What this task involves
Within the records that follow, restate exactly the lines from the line with "Light Green Backgrounds" down to the line with "Cobalt sea glass", including both. Omit the pictures.

Material to process
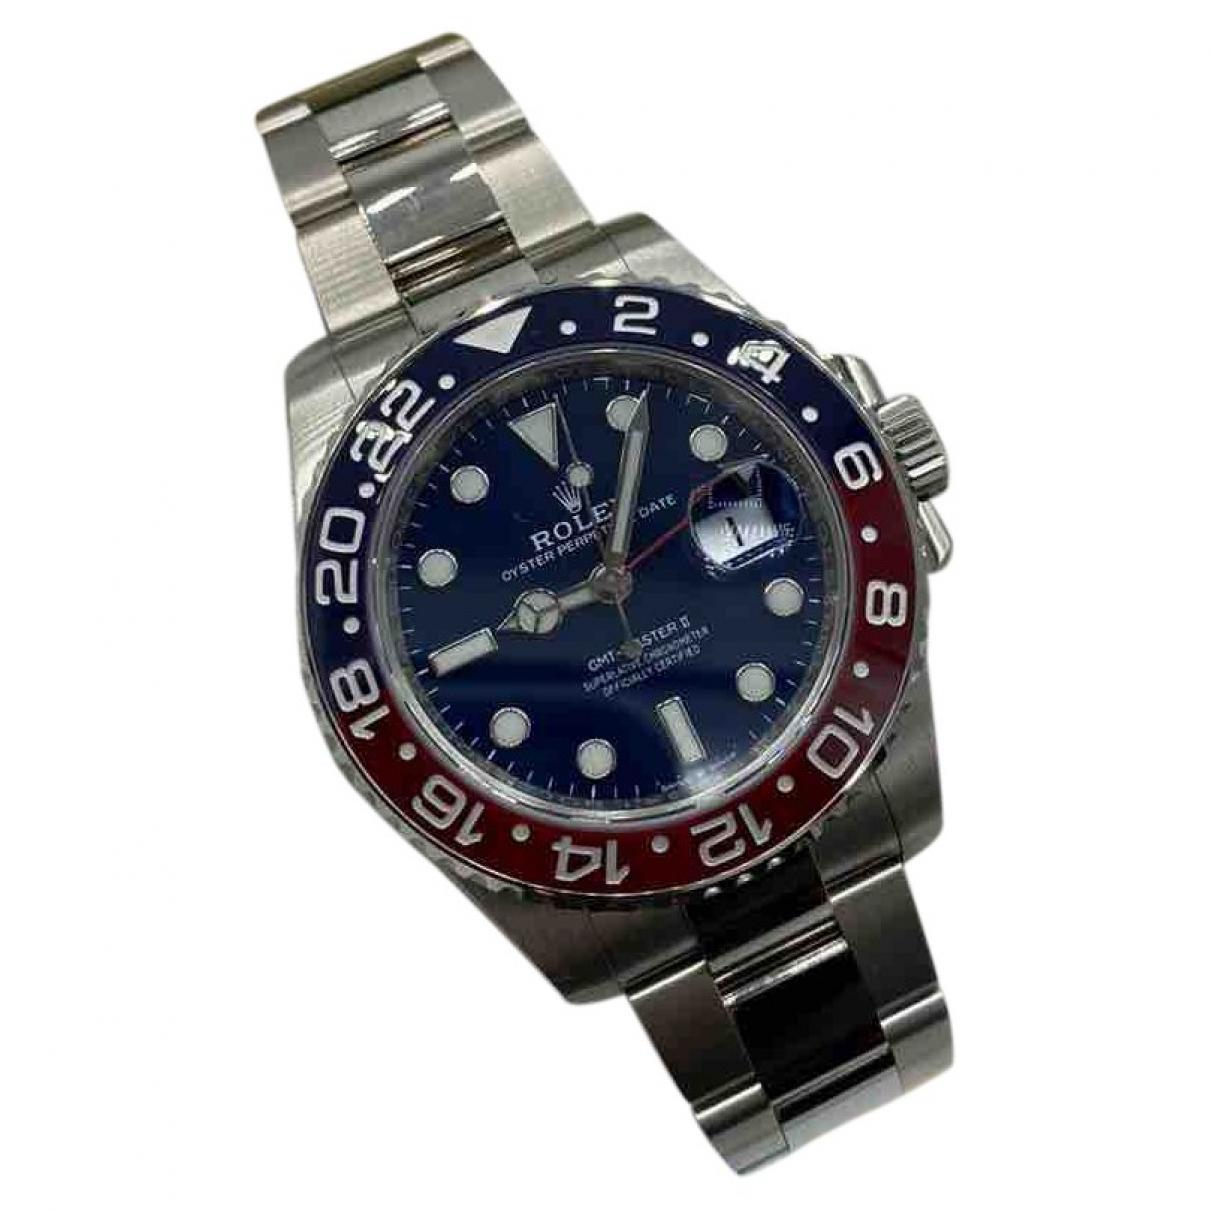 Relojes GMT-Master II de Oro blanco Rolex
---
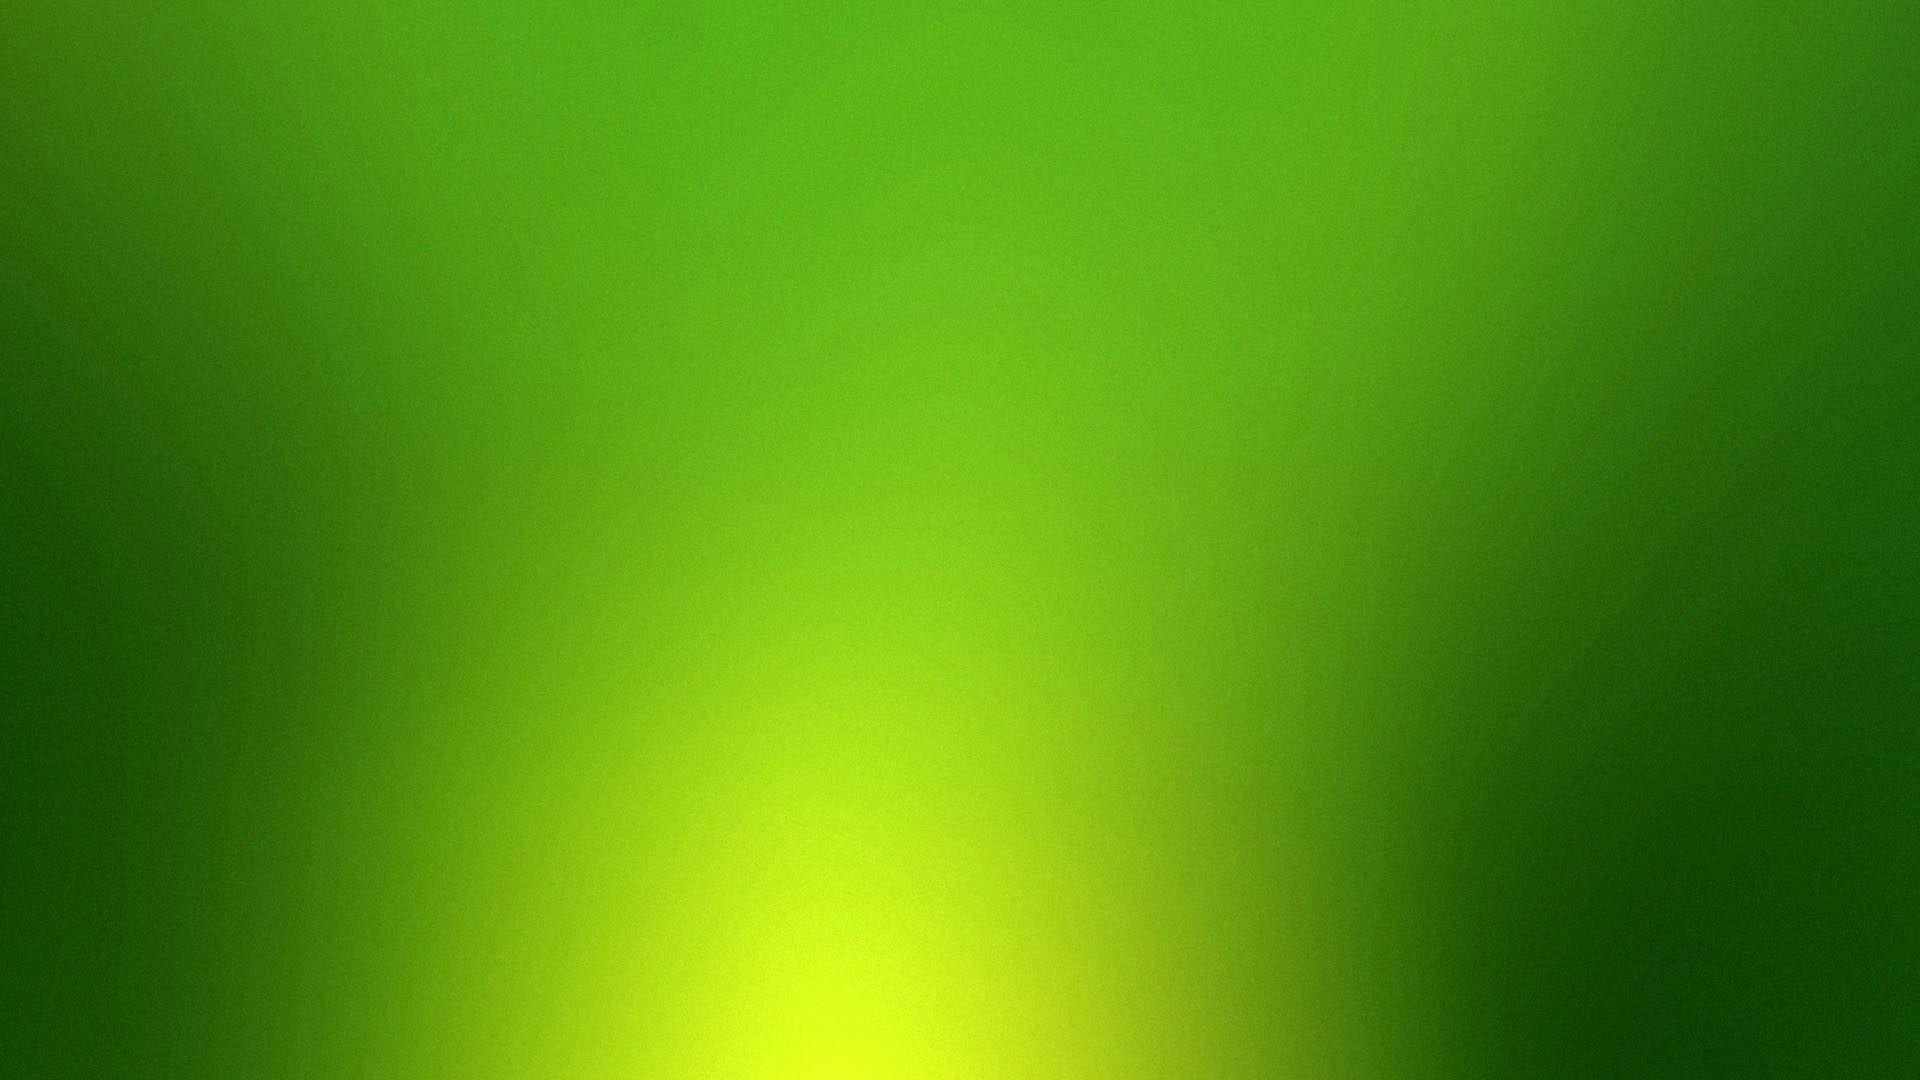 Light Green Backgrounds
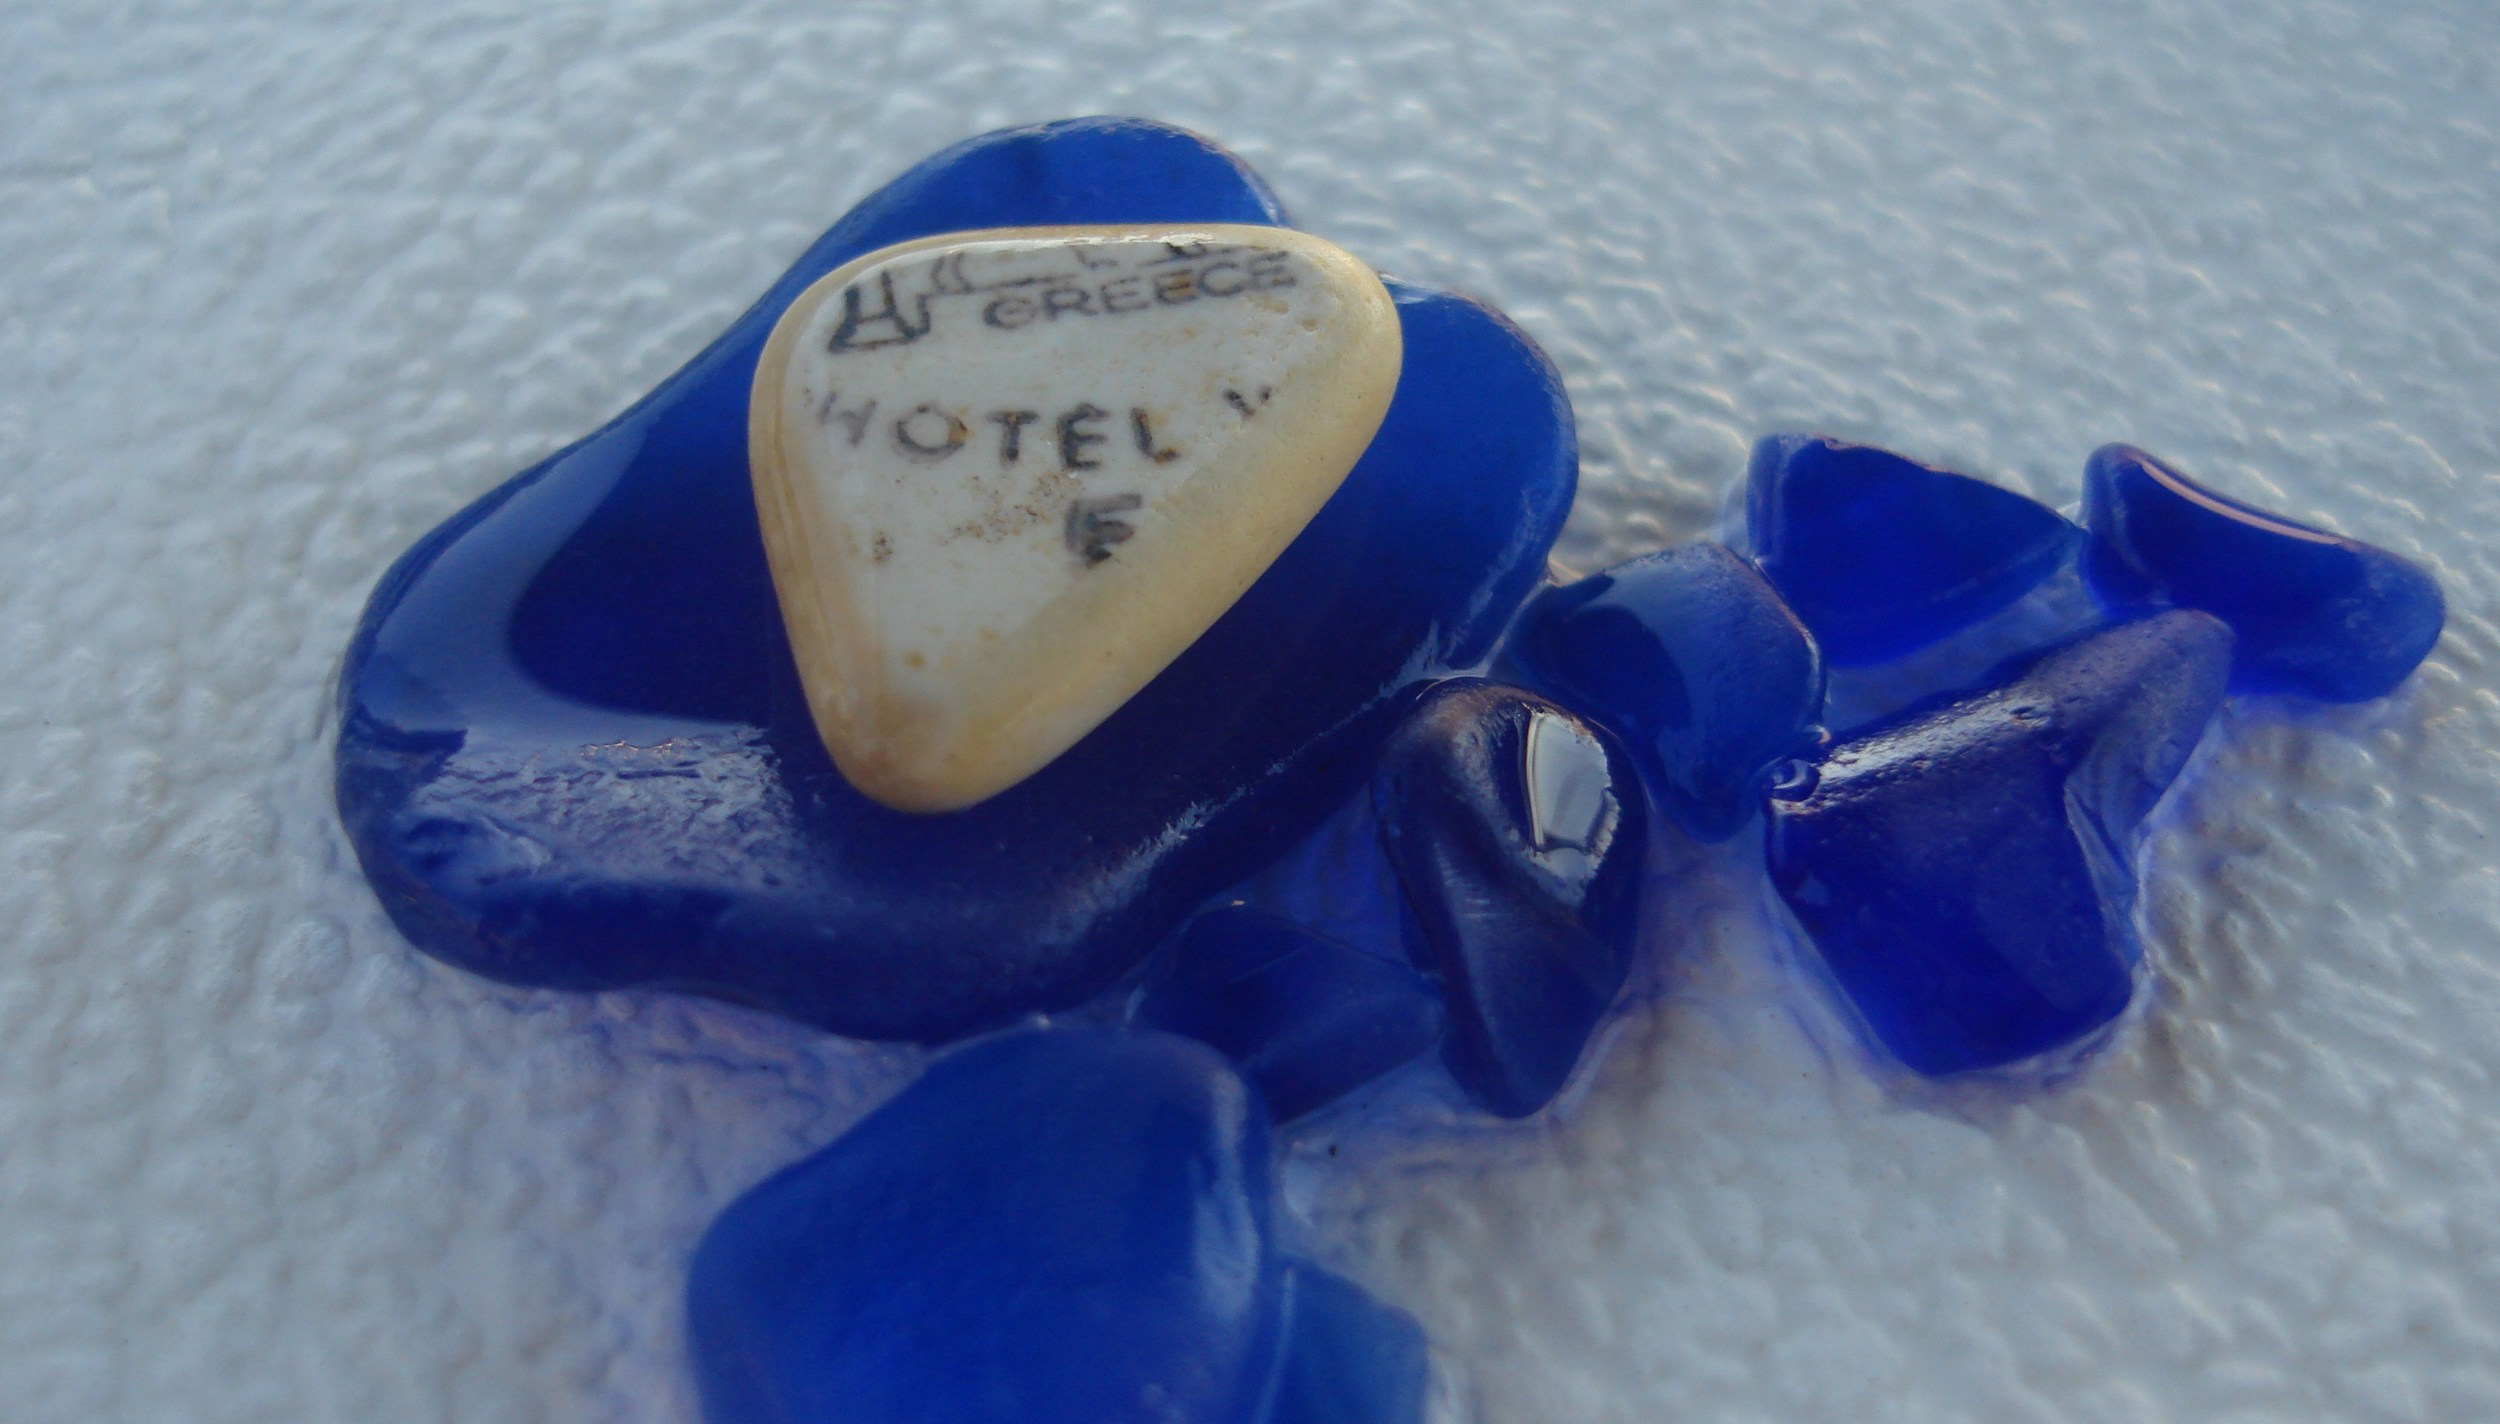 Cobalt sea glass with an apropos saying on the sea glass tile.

Answer box
 Light Green Backgrounds
 Cobalt sea glass with an apropos saying on the sea glass tile.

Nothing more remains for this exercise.